AI art generators use machine learning algorithms to create art. These algorithms are trained on large datasets of images and videos to learn the underlying patterns and styles of different types of art. The algorithm then uses this knowledge to generate new, unique images and videos that mimic the style of the input data.
There are several types of AI art generators, each with its approach to creating art. One popular type is the style transfer algorithm, which takes an input image and applies the style of another image to it.
For example, a user could photograph a landscape and apply the style of Van Gogh's "Starry Night" to create a new image that combines the two.
Another type of AI art generator is the generative adversarial network (GAN). GANs consist of two neural networks: a generator and a discriminator. The generator creates images or videos while the discriminator evaluates how realistic they are.

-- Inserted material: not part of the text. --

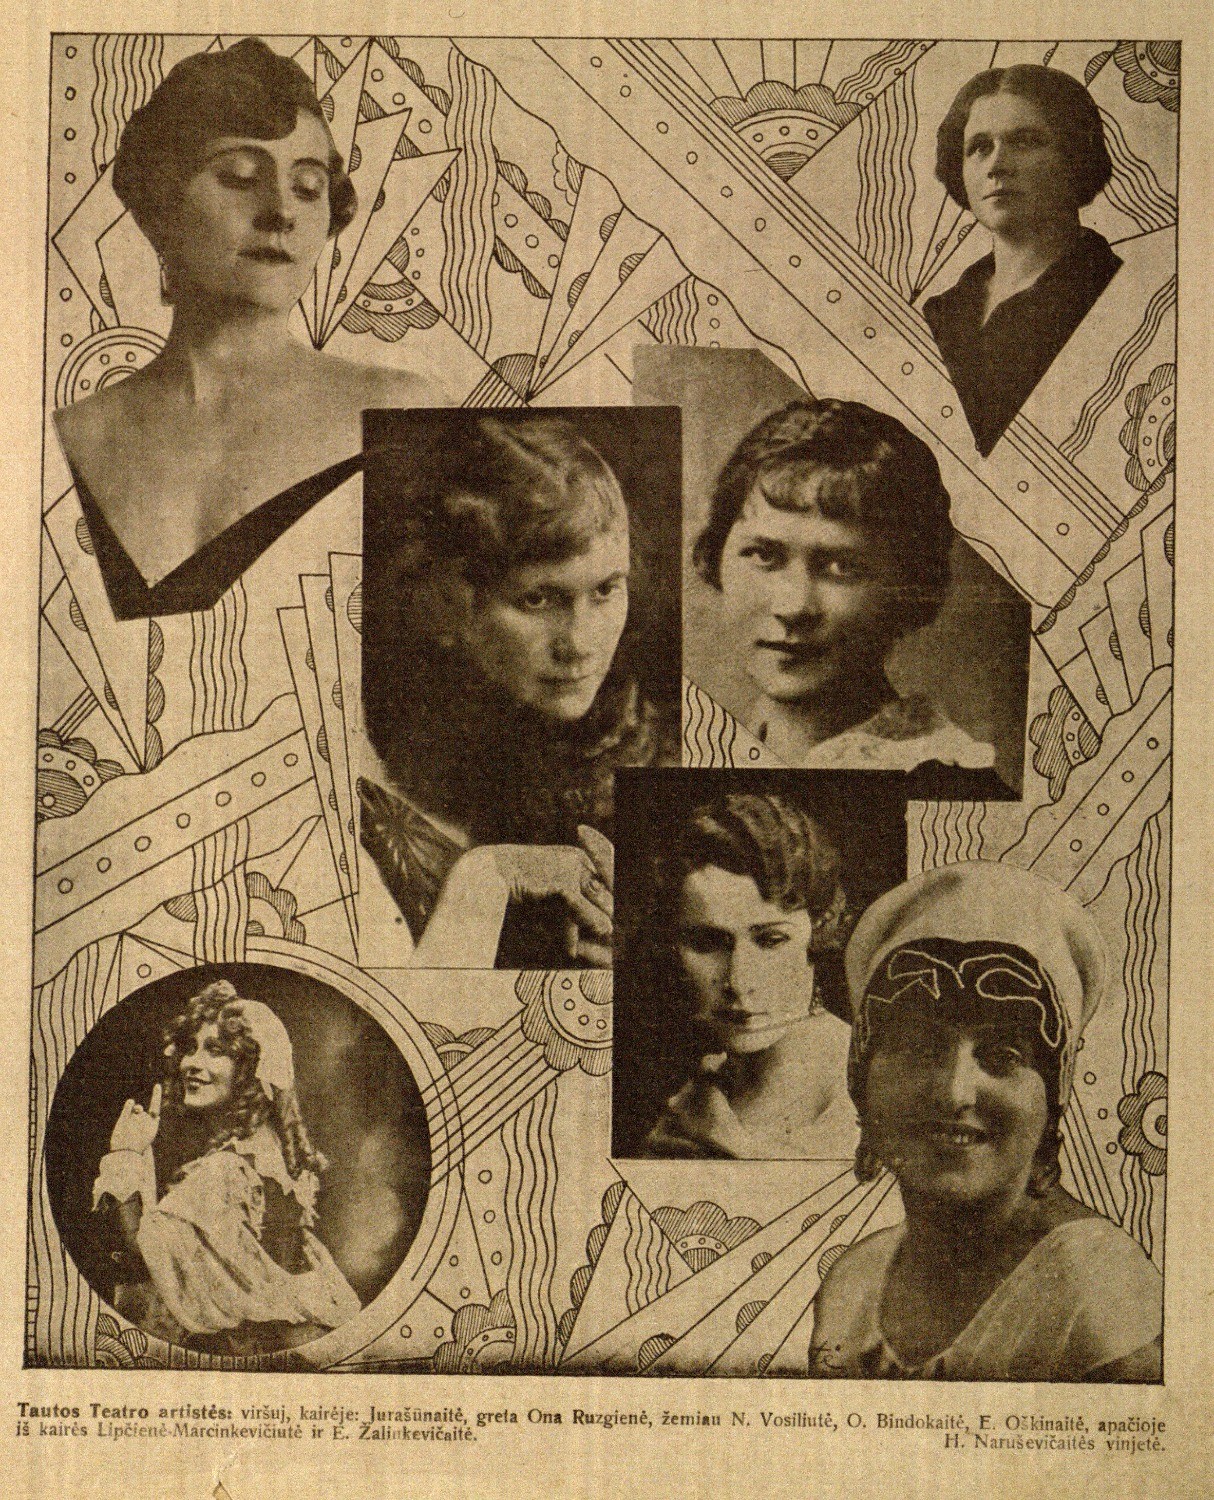 Tautos Teatro artistės, viršuj kairėje: [Nastė] Jurašiūnaitė, greta Ona Ruzgienė, žemiau N. Vosyliūtė, O. Bindokaitė, E. Oškinaitė, apačioje iš kairės [Marija] Lipčienė-Marcinkevičiūtė ir E. Žalinkevičaitė: H. Naruševičiūtės vinjetė // Naujas žodis. – 1929, Nr. 10/11, p. 1.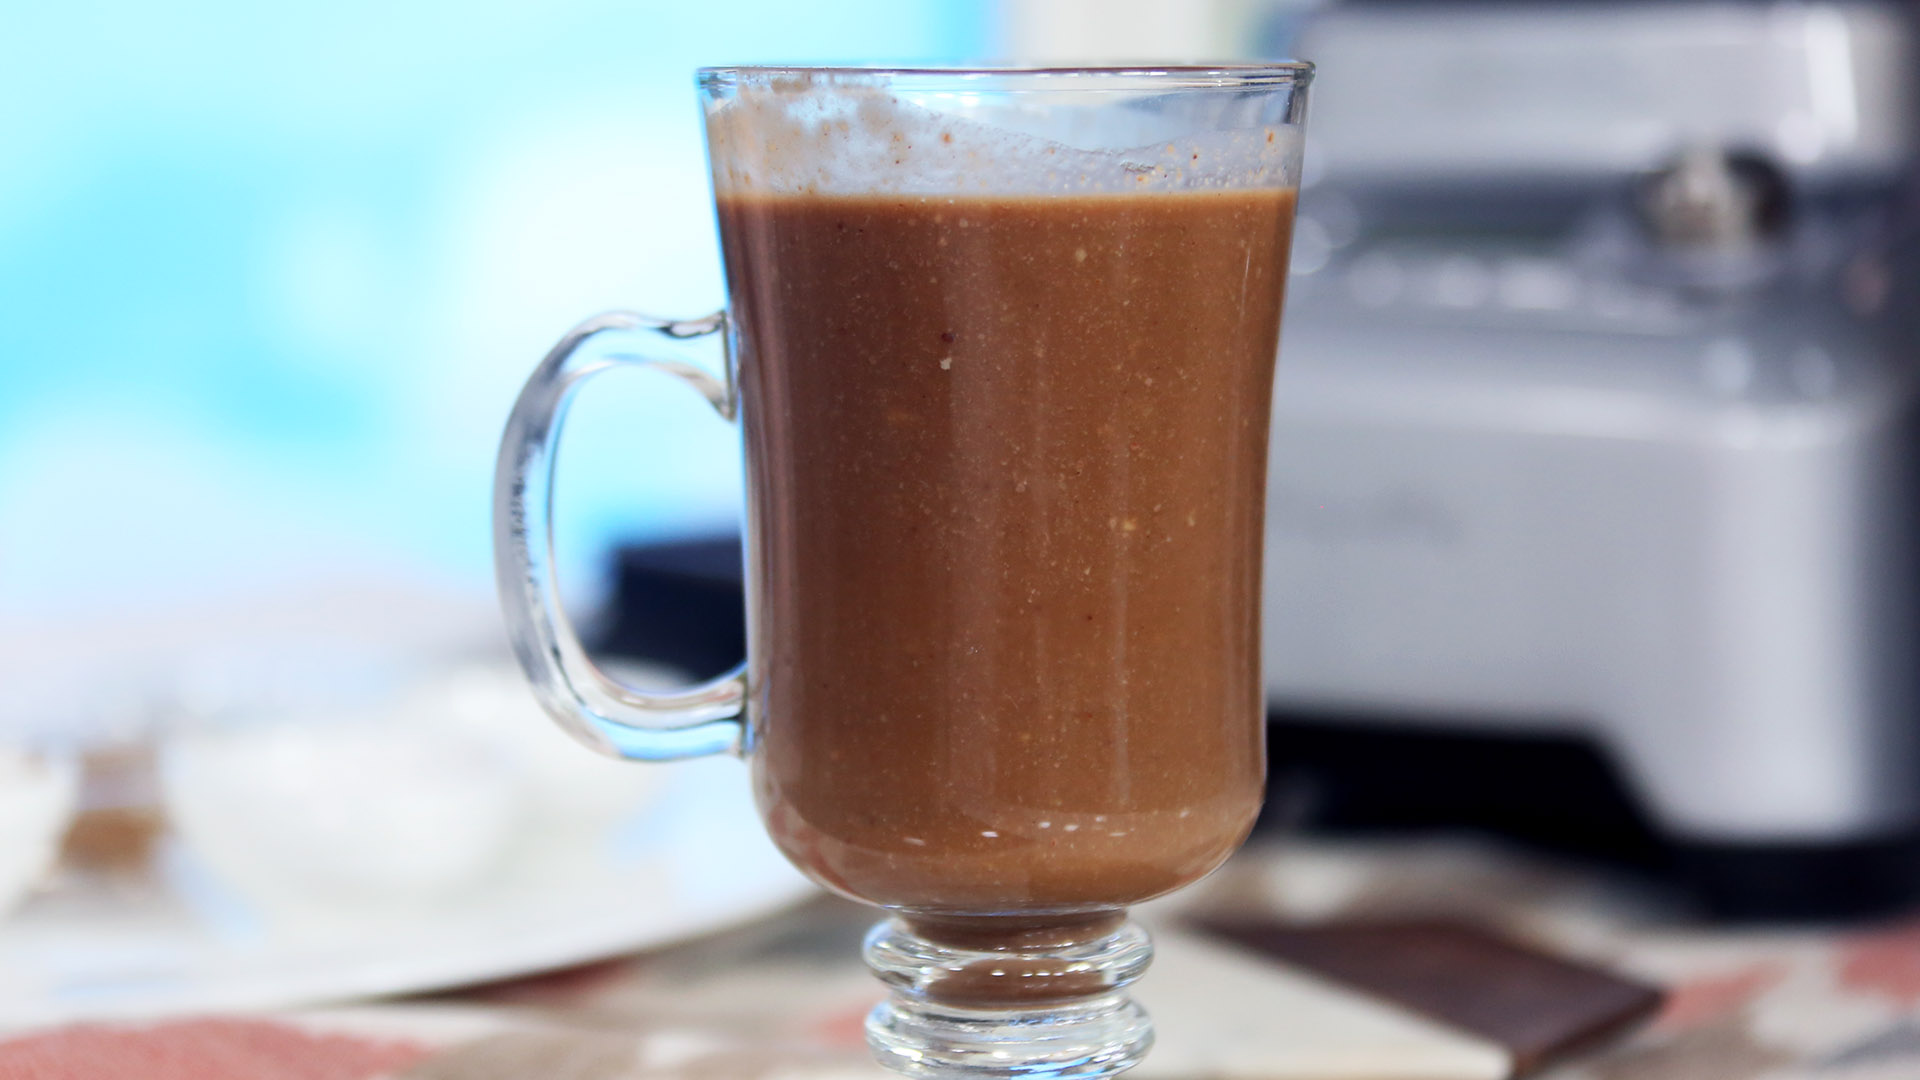 "Raw-tella" hot chocolate

The two networks are trained together, with the generator trying to create more realistic images and the discriminator trying to identify which images are real and which are generated. Over time, the generator becomes better at creating realistic images, and the discriminator becomes better at identifying them.
AI art generators also use other techniques, such as convolutional neural networks (CNNs) and recurrent neural networks (RNNs), to create new and unique artworks. These algorithms are highly complex and require a great deal of computational power to operate, but they have led to some truly impressive results in the world of AI-generated art.
TLDR; AI art generators use machine learning algorithms to create art by learning the underlying patterns and styles of different types of art. They come in many different forms, each with its own approach to creating new and unique artworks.
While these algorithms are still relatively new, they have already shown incredible potential for pushing the boundaries of what is possible in art and technology.